なんちゃらソーダにいいねがほしい。

テラス席午後の日差しに汗をかくなんちゃらソーダにいいねがほしい

短歌を考えてみた。我ながらすごく、今、っていう感じの短歌だと思うし、気分を結構表せていると思う。
わざわざ暑いテラス席に座るのも、汗をかいているのも、よくわかんない変なソーダを注文したのも、全部「いいね」のためである。おしゃれなテラス席を背景に、汗をかいて水滴がついたグラスに注がれた、おしゃれそうなドリンクの写真をSNSにアップして、みんなに「いいね」と言ってもらうためである。そういう短歌だ。

別にソーダが飲みたいわけじゃなくて、「おしゃれなソーダを飲む自分」をお金を出して買っている。いわゆる情報を買う、情報を消費するというやつだ。パンケーキが食べたいわけじゃない、「話題の」パンケーキが食べたい。映画が見たいわけじゃない、「話題の」映画が見たい。それがほしいのは、みんながほしがっているからだ。
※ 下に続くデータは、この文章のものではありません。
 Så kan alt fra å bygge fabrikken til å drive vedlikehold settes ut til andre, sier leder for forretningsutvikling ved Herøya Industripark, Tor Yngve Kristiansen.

僕もたまには情報を消費したいと思う。ちゃらちゃらした上っ面にお金を払いたい。それは本質ではない、なんていう忠告はありがたいが無意味だ。情報として食事をし、情報としてレジャーを楽しみ、あらゆるものを情報として消費したい。
そしてそれをSNSに報告し、たくさんの「いいね」をもらうのだ。僕自身も情報として消費されるのだ。「いいね」は多ければ多いほど、僕は情報としてたくさん消費されたことがわかるのだ。
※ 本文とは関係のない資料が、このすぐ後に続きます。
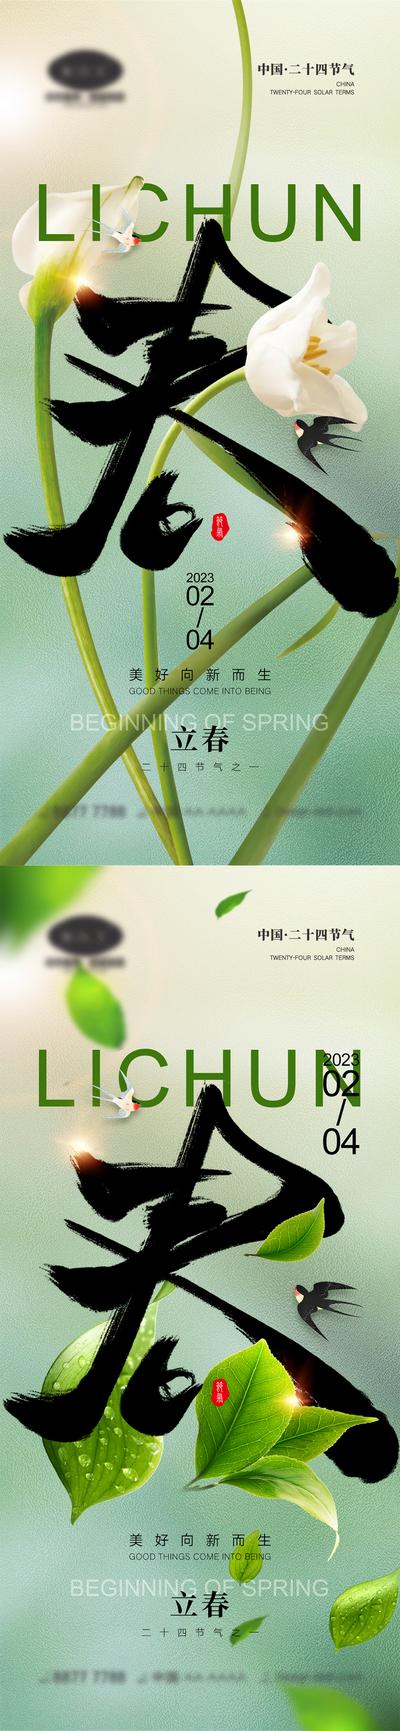 南门网 海报 二十四节气 立春 春天 燕子 花朵 树叶 系列

情報を消費する無意味さに気づいてそれを批判する時代はとっくに過ぎ去った。今の人たちにとって、情報を消費することこそに意味があるのだ。スマホで世界と繋がっている現在、ひとりの殻の中で認められる価値観に満足すべきだなんていうお説教はまっぴらだ。情報に振り回される快感はこの上なくリアルだ。
僕らが消費してそれを取り込み、それをアカウントに託し、SNSに情報として流れ出していく。僕らは情報を消費する主体であり、情報として消費される客体だ。
僕らがどれだけ価値のある情報を消費し、価値のある情報そのものになったか、それはすべて「いいね」の数が教えてくれる。

情報になってしまえば、くたびれた肉体からもイケてないプロフィールからも自由になって好きなように自分をカスタマイズできる。整形なんて転職なんてしなくたって、アカウントを取得して写真を撮るだけだ。(とはいえ、たくさんの「いいね」を稼ぐゲームで成功しなくちゃいけないけど。)

情報は空しい、それはわかってる。でもスマホの画面を暗くしたら、そこに映るのは空しい現実だ。

テラス席 いいね求むる ソーダ水

俳句にしてみた、短歌と比べてやはりキレがある。